After over a dozen public sector banks, including State Bank of India, have voluntarily linked their loans and deposits pricing to the repo rate, Reserve Bank Governor Shaktikanta Das on Monday stressed on the need for the entire system switching to this model, saying such a move can speed up the monetary transmission process.
While SBI was the first one to link its loans and deposits to the repo rate from May and home loans from July, six other peer banks, like Bank of Baroda, Union Bank, and Canara Bank, among others, announced the same last week under which the asset side pricing has moved down fast.
The move comes even as the regulator has decided not to push banks for this, considering their poor finances.
These six PSBs announced the switch-over after the last monetary policy wherein RBI lowered the repo rates by 35 bps to a nine-year low of 5.4 per cent and has ruled out asking banks to do so saying "banks are just about coming out of the NPA mess and it seems that they need to be given more time to improve their finances."
The process of shifting to an external benchmark on rates needs to be faster and our expectation is that they should move faster, Das told the annual banking conference organised by the industry lobby Ficci here this morning.
"I think the time has now come to formalise this linking of new loans to external benchmarks like repo rate.

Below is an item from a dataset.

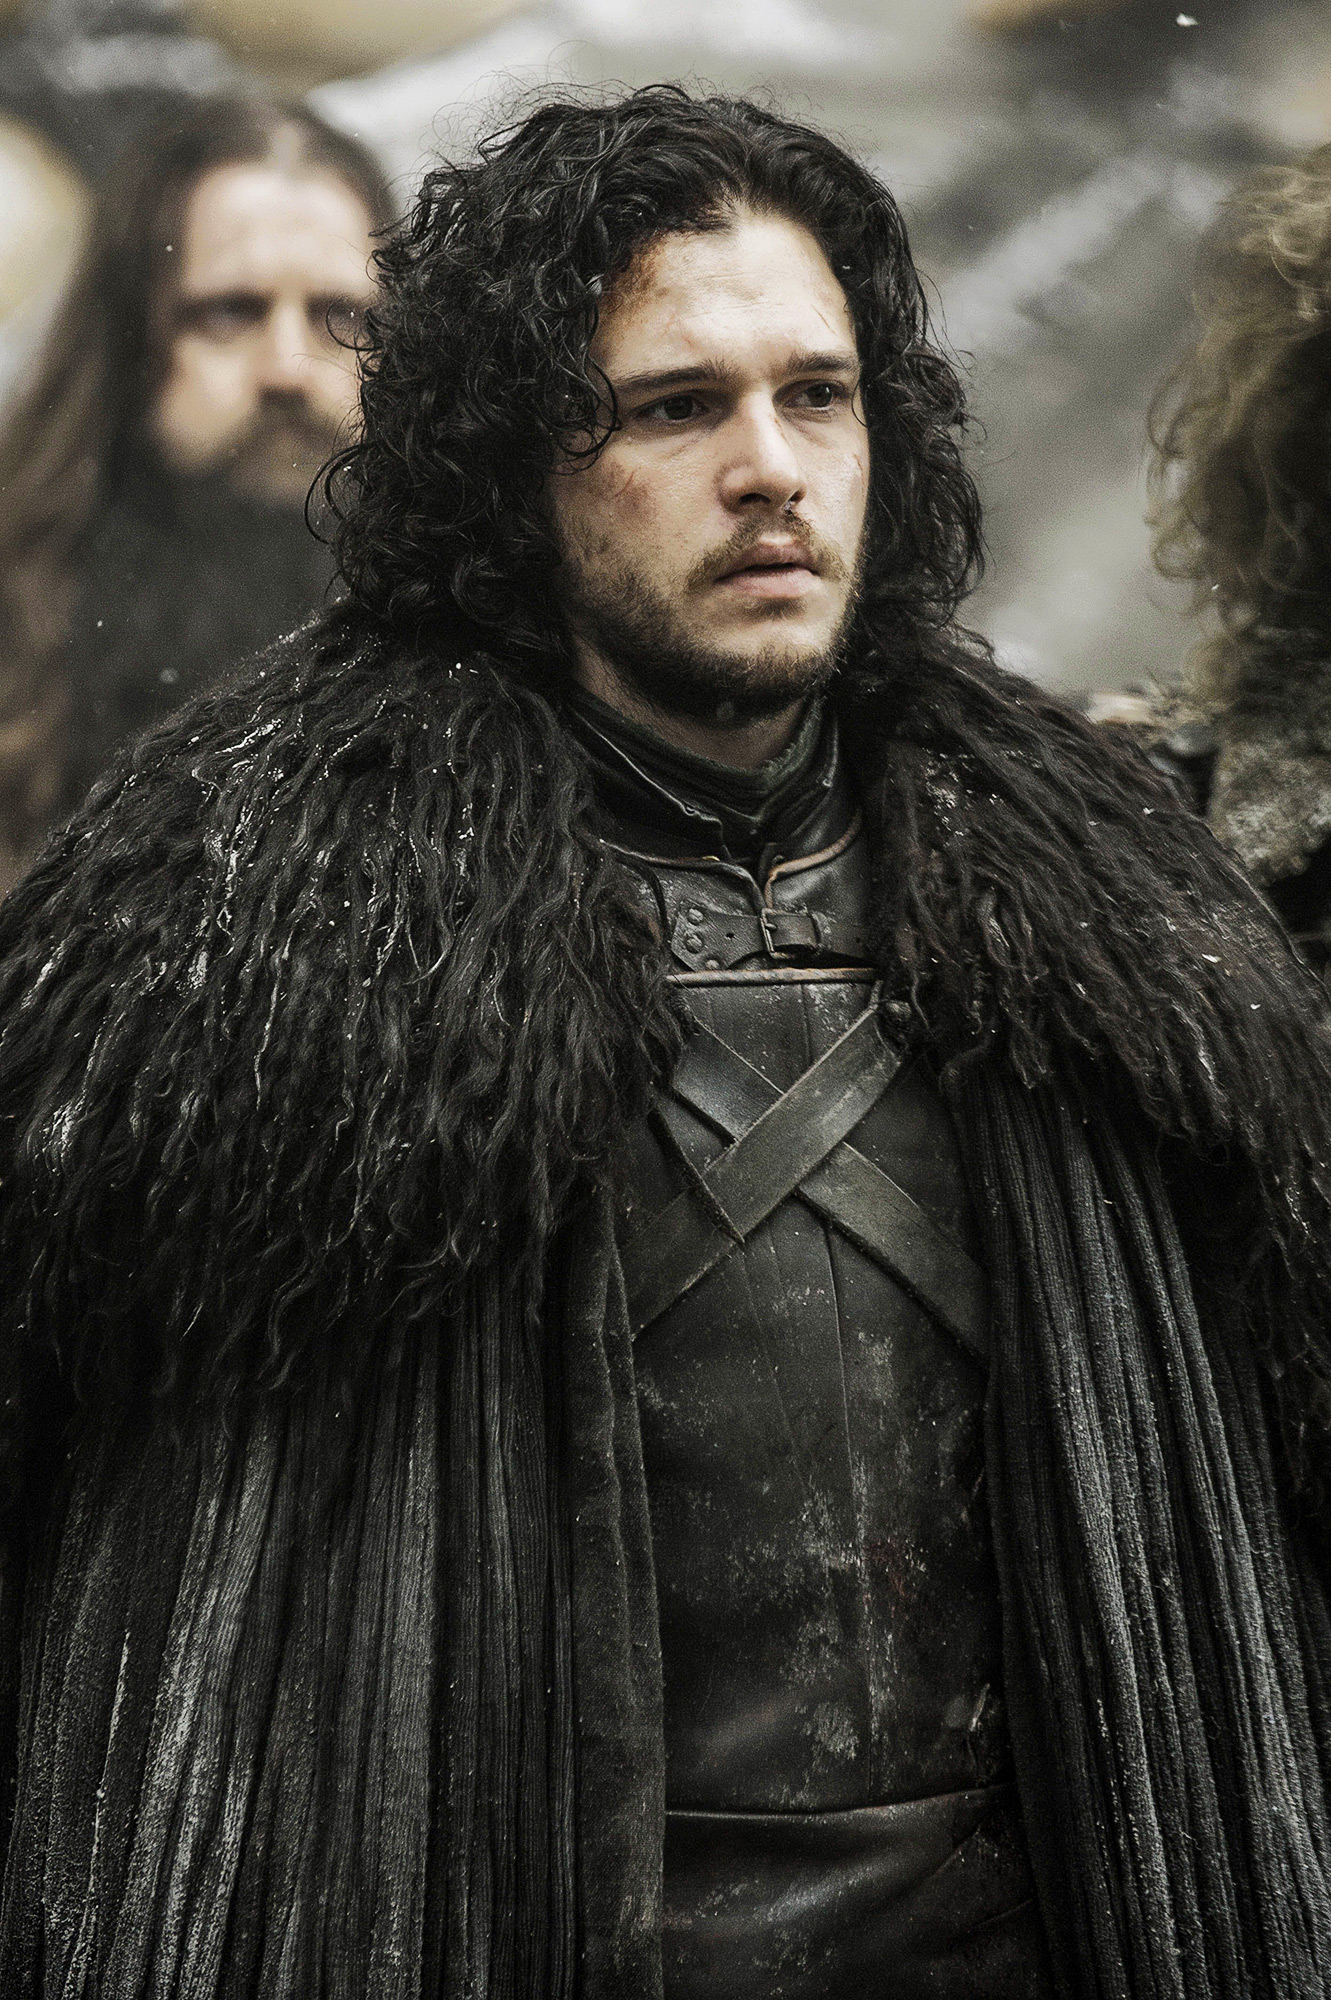 Jon Snow Series: What to Know About the 'Game of Thrones' Sequel

We are monitoring this and will be initiating necessary steps," Das said.
"We will definitely play our role as the regulator to work with banks, to see the trend in the market and take steps that will formalise these linking of new loans to the repo rate or to an external benchmark."
Das explained that the RBI has kept the external benchmarks in abeyance earlier because "we wanted to see how the market evolves. It is a positive trend to which banks have responded and are now linking their lending rates, especially the new loans, to the repo rate and other external benchmarks."

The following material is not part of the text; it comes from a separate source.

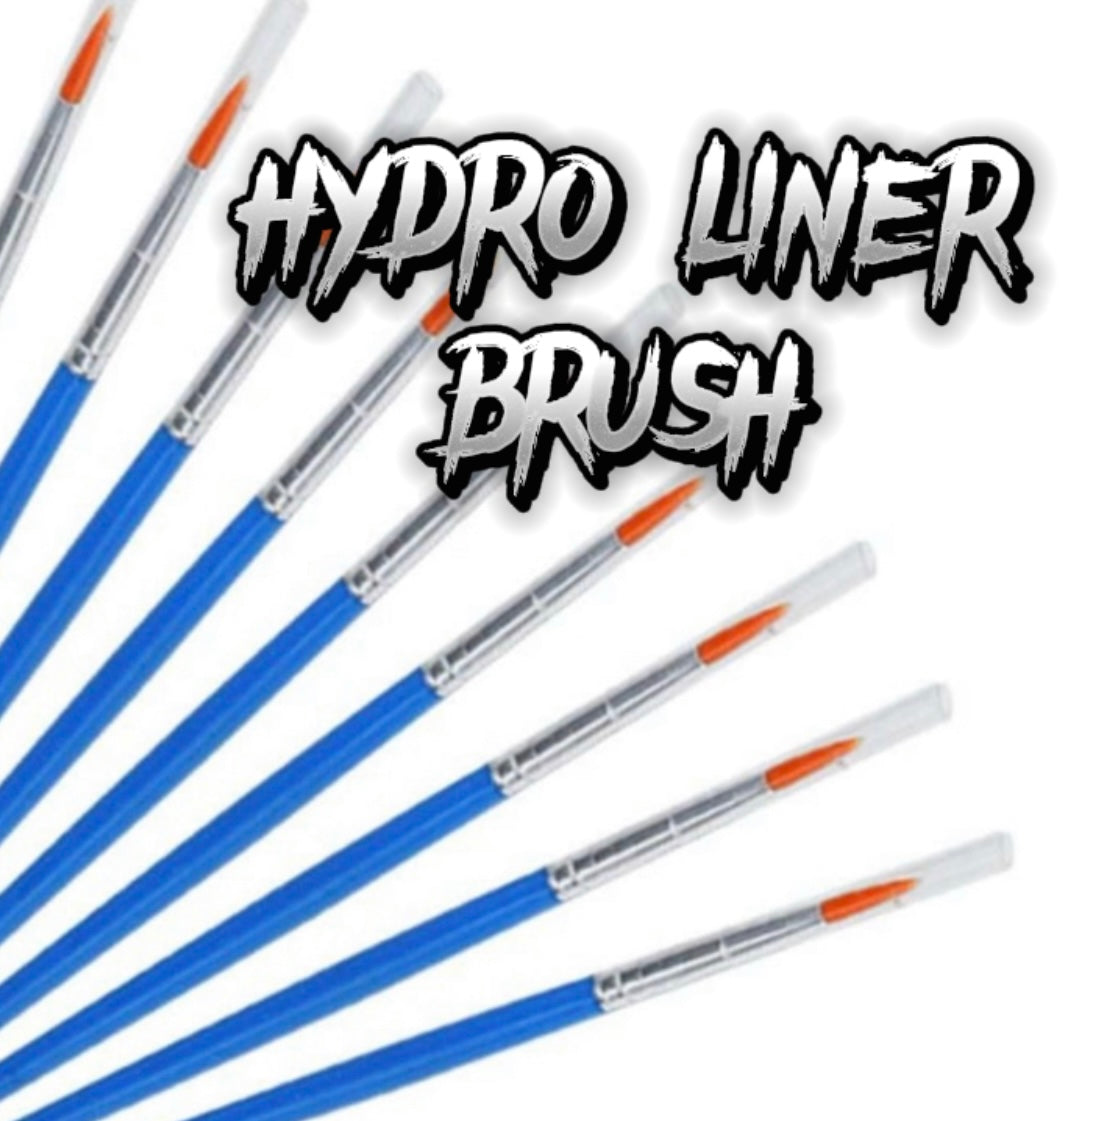 Hydro Liner Brush *SOLD INDIVIDUALLY*

"But this process needs to be faster. Today, the economy requires a certain amount of push not just from the monetary policy but also from its transmission," he said and expressed his optimism that more transmission will be faster.
Though he expressed his concern over the steady dip in growth, Das said a "mood of doom and gloom isn't going to help anyone and what is important to look at the positives", but he was also quick to add growth has become the highest priority for all, and that every policymaker is concerned with it.
He also assured that liquidity will not be a deterrent for growth as he admitted that issues like the crisis at NBFCs, liquidity crisis for some critical sectors, and monetary transmission and banking reforms do affect business community as also the economy as a whole.
Noting that the global banking system as a whole is more resilient to cushion risks now, he said it is important to look at financial stability as this alone can ensure long-term growth.
Stating that the weaker-than-expected growth with signs of slowdown is the key risk to global financial stability today, the governor warned that headwinds to financial stability can emanate from payments, credit and external markets.
Calling for radical corporate governance reforms in the nearly crippled state-run banks, Das said their real test is their ability to access capital from the markets rather than depending on the government.
Lauding the recent amendments to the bankruptcy laws, which have given primacy to financial creditors in the event of bankruptcy and the resultant resolution either through asset sale or liquidation over operational creditors, he said the latest amendments will help ring-fence the banking sector.